In the end, networking projects allow researchers to create and display connects that are more than just geographical. Palladio specifically allows users to choose data connections points or nodes. One can choose the which data sets to compare. Simply, the above graphs show a comparison between interview location and enslavement location. However, as long as the data corpus has the subset of metadata in place, one can choose, in this case, any type of comparative combination such as interview locations and interviews broken down according to gender of interviewee. (An example of that graph can be seen below.)

Part II: New User Guide
This next section contains a brief overview of Palladio for new users.
Firstly, one can find the Palladio website here. One can upload or copy and past .csv or spreadsheet documents of the data. If one is using a spreadsheet, then place all the data points in discrete columns (data such as location of interview, gender of interviewee, or enslavement location).
Secondly, the “map” view places your data points on a map. In the upper right hand corner, there is a map layers tab. This tap shows you all the comparisons occurring on the map. The first layer is the first data comparison – the “source” category is where the data points will start, and the “target” is where the “source” data points will be compared. A data line is then made between the two points. One is able to manipulate the data point size and highlighting.
Then, one is able to add layers to the map. One can add more data points, or, by clicking on the “new layers” then “tiles” tab one can change the visualization of the map. Below, I have attached a network map with added layers of tiles to show states and cities. See the right hand corner for the map tab, notice how under “tiles” I have added new layers to the map.

The next important feature in Palladio is graphing – to select graph go to the upper left hand of the site and select “Graph” and the data will transfer over. A graph is just a blank canvas that displays the networks between data points. Going back to the network graph of gender of interviewee and the interview location (see two screen captures ago), one is able to manipulate the graph by selecting a new source and a new target – the same principle from the map still applies – the source is the starting point of the data and the target is the comparison point.

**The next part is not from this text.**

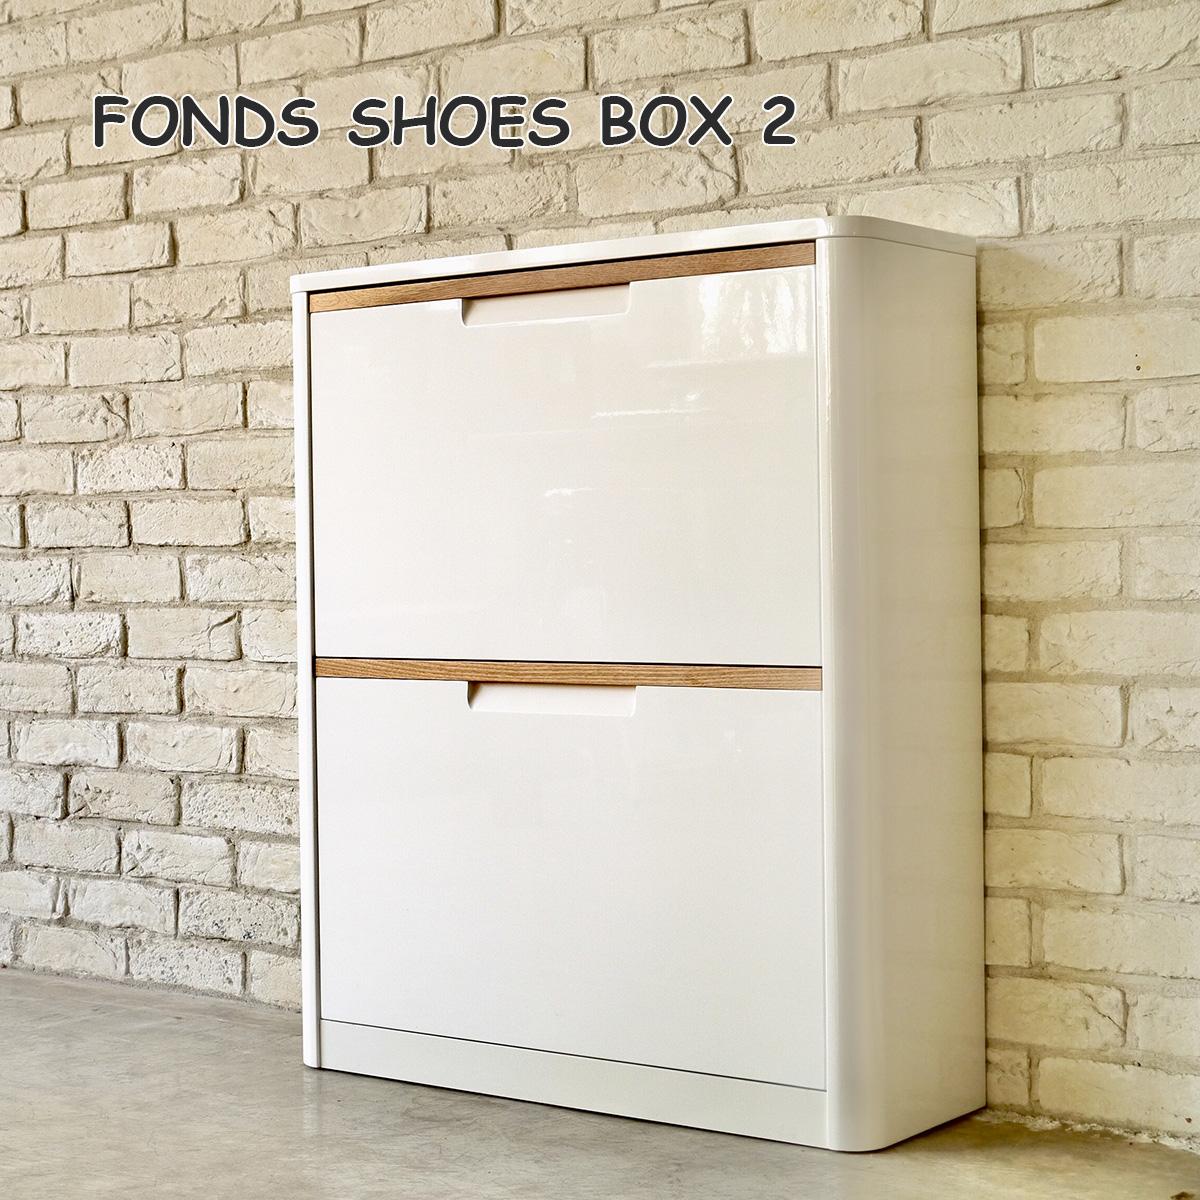 フォン シューズボックス 2段 FONS SHOES BOX 2 ホワイト 白 完成品 フラップ扉 奥行き25cm スリムタイプ シンプル 転倒防止

I have attached a picture of the settings tab for the graph below.

For those interested, one is able to save their project as a .json file. This is a compacted filed that contains some of the slave narratives (mostly from Alabama). One can easily upload this file into Palladio to jump straight into playing with the data. However, note bene: if you added filters or data limiters before you downloaded the .json file, then those filters will still be intact. To save a .json file, select download in the upper most right hand corner. The download button on the “settings” tab will download the map or graph being used as an HTML/svg (scalable vector graphs).